The Pacific Biosciences approach is to perform sequencing on the surface of a single-molecule real time (SMRT) cell patterned with 150,000 wells each containing a zero-mode waveguide (ZMW). These ZMWs serve to immobilize a single template molecule and make it possible to interrogate light emission from that one molecule. As extension is carried out, fluorescent reports from each ZMW indicate the nucleotide that has been added at that position.
Oxford Nanopore sequencers contain engineered bacterial nanopores through which a molecule of DNA is fed. The electrical resistance of the pore varies in proportion to the identity of the nucleotide passing through the pore, allowing the sequence to be read off. Although multiple formats have been developed, one of them is a portable, self-contained, disposable MinION that plugs into the universal serial bus (USB) port of a personal computer.

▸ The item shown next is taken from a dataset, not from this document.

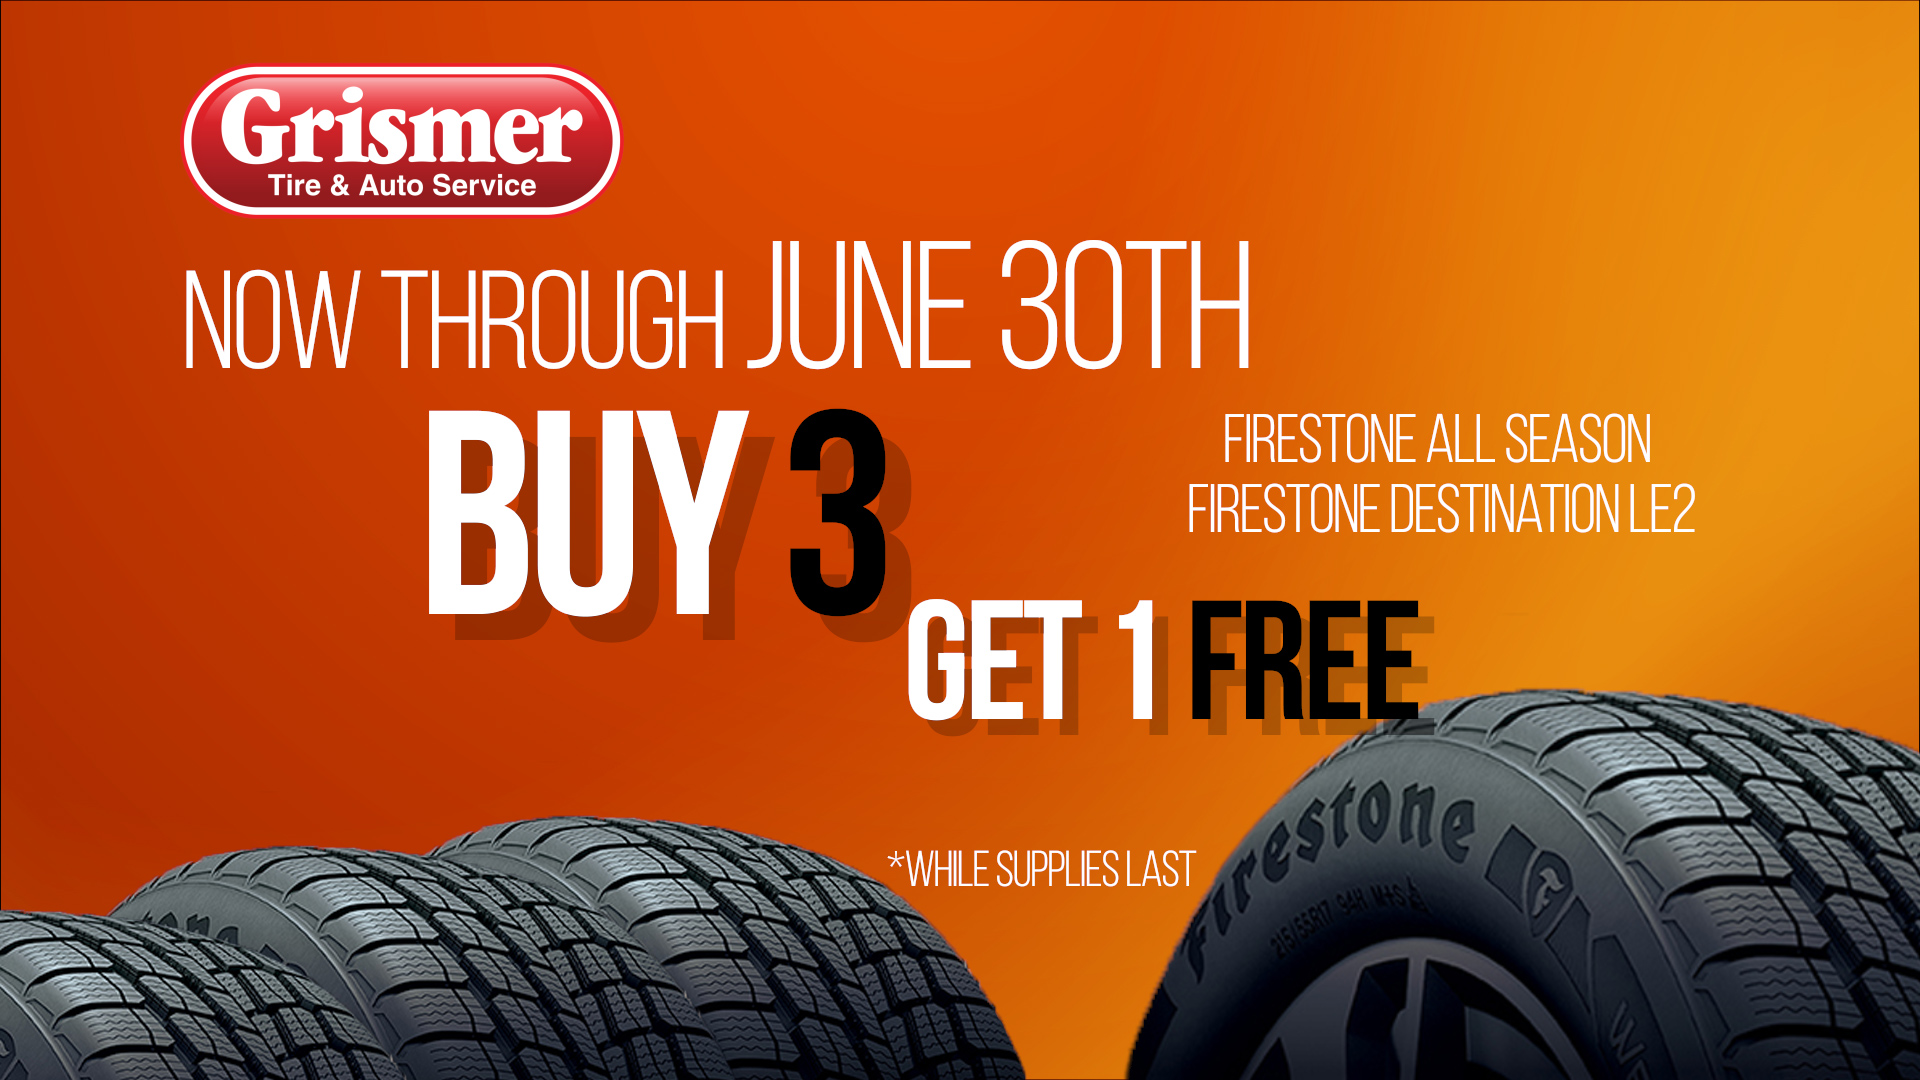 Ready for new tires? Buy 3 tires get 1 FREE!
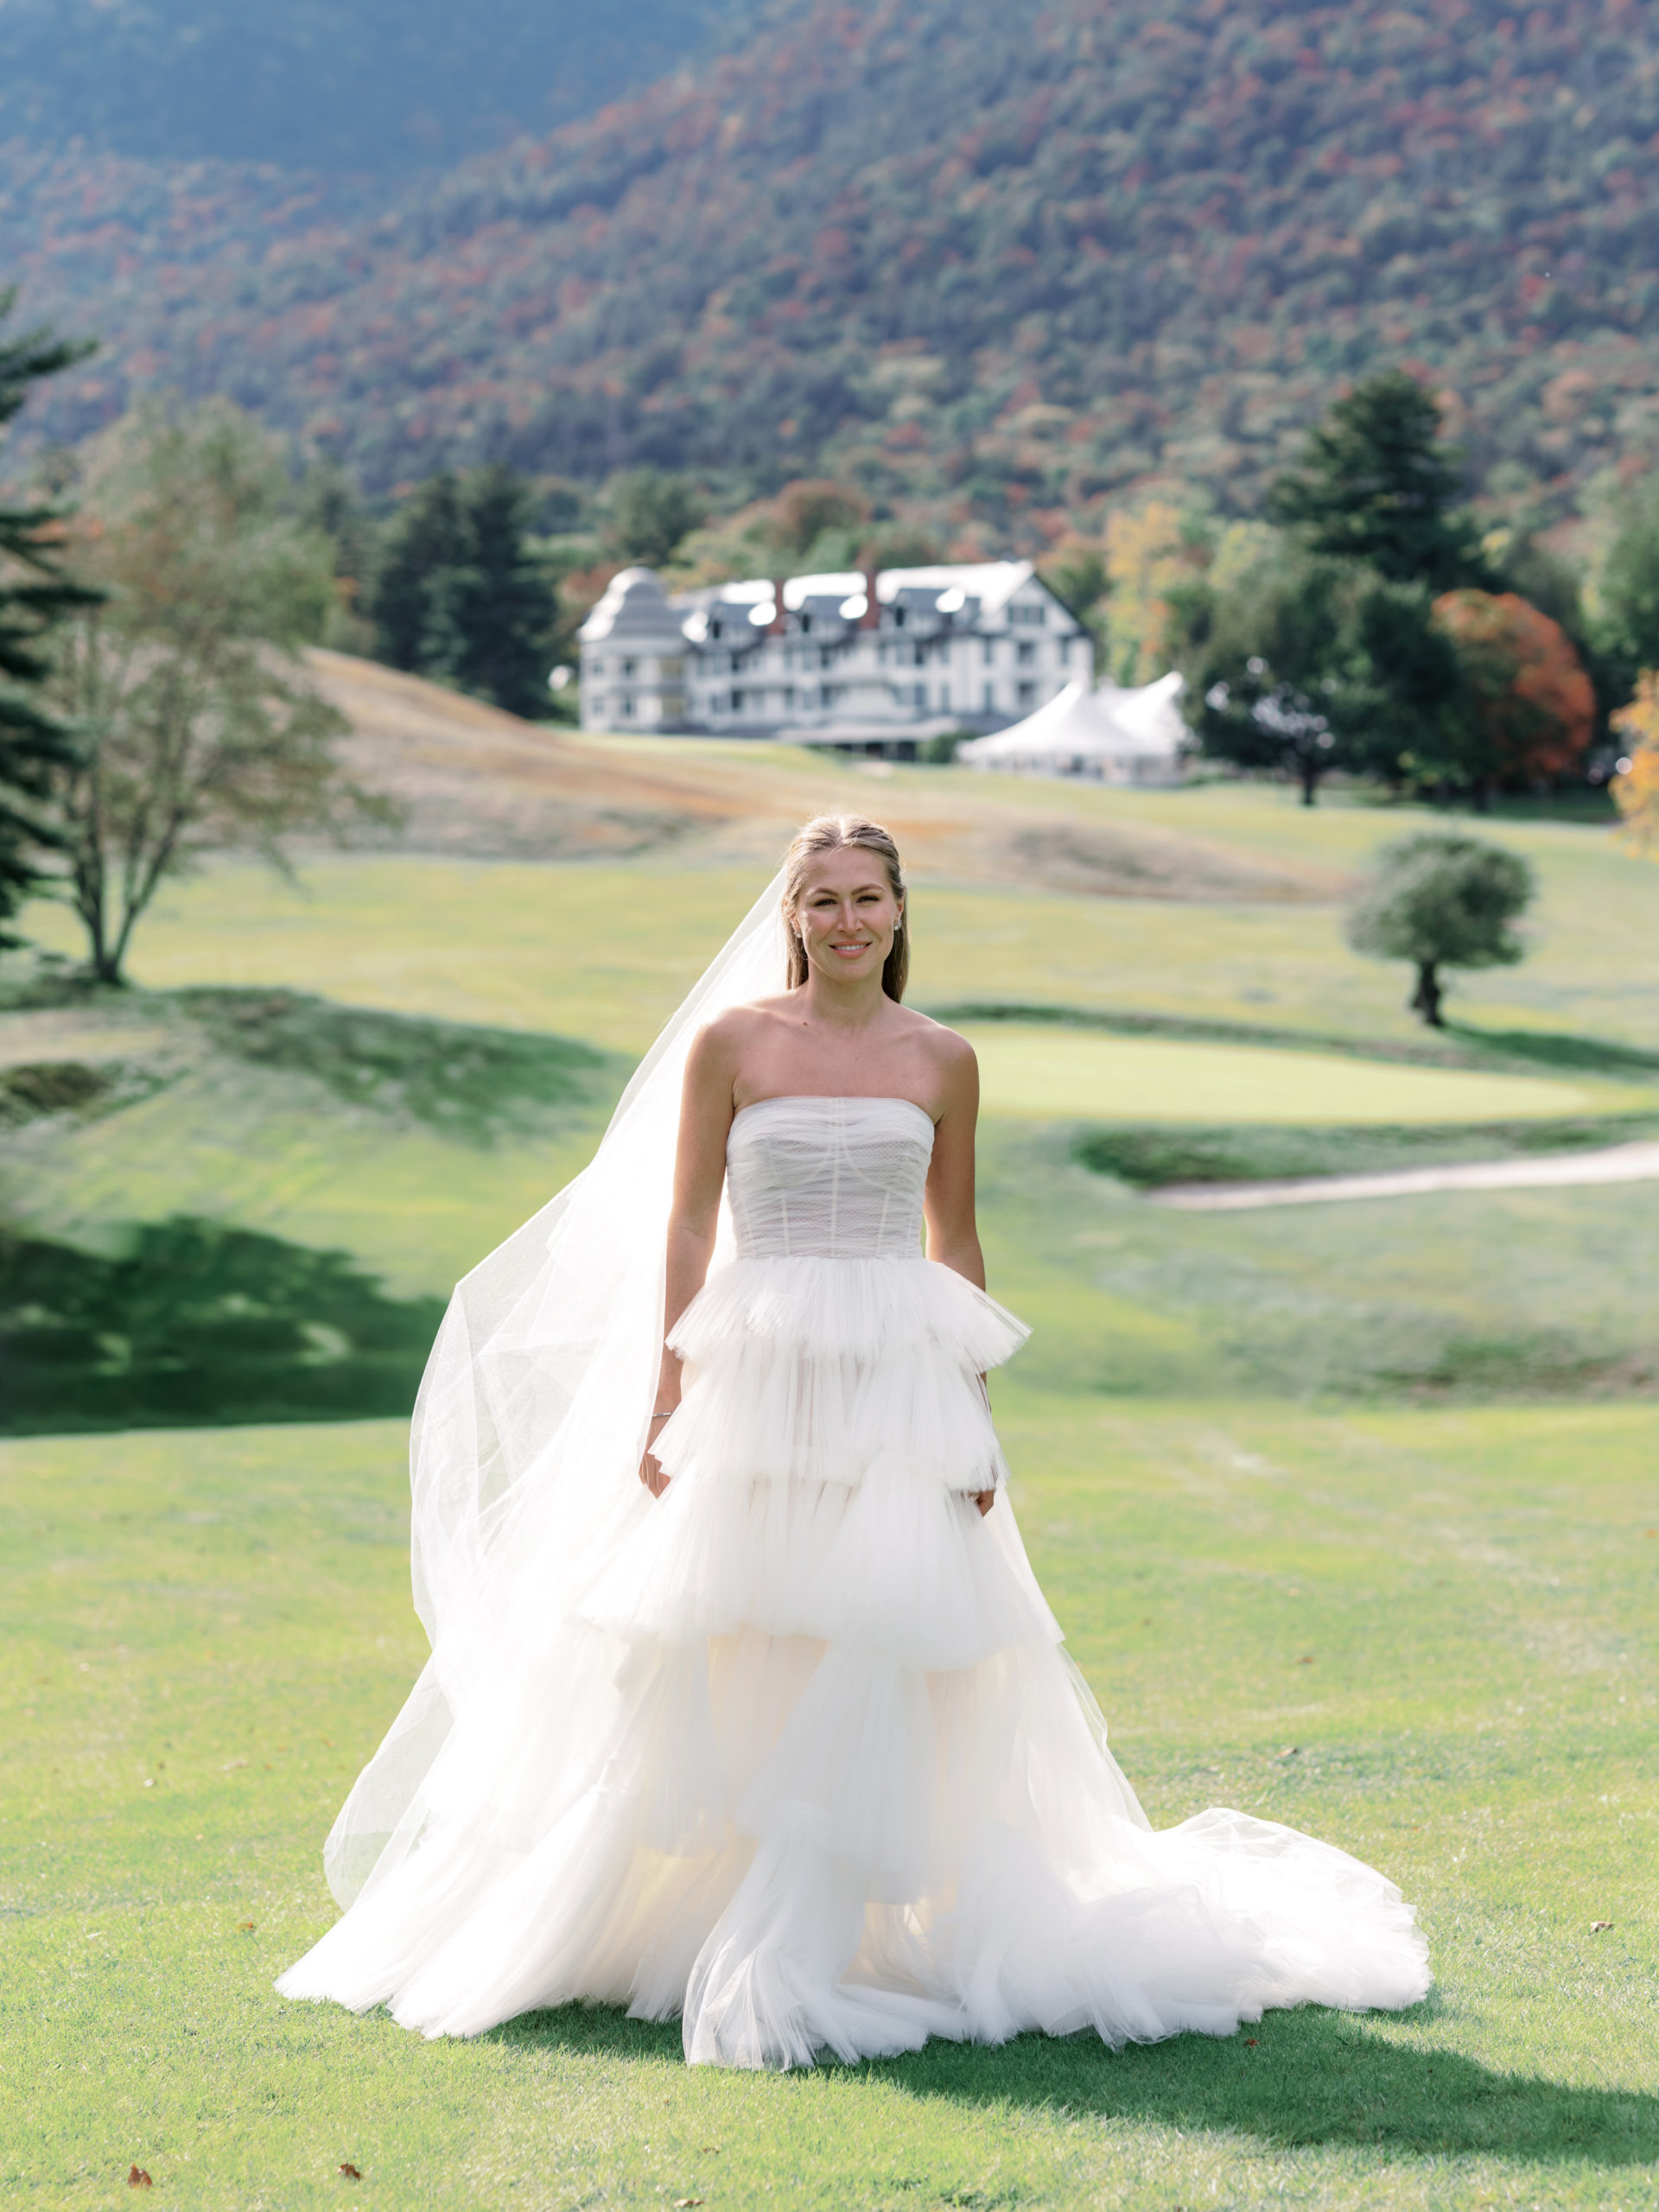 The gorgeous bride is standing in the middle of The Ausable Club's golf course. Image by Jenny Fu Studio

Third-generation technologies are at an early stage of development and have not been validated for clinical use, but will undoubtedly play an important role in future diagnostics.
Analytes Other Than DNA
The methods presented earlier have focused on DNA sequencing. Variants of these methods have been developed to allow the detection of other analytes related to nucleic acids, including RNA sequence, epigenetic changes such as DNA methylation, and DNA–protein interactions. These methods have not yet found widespread clinical applications.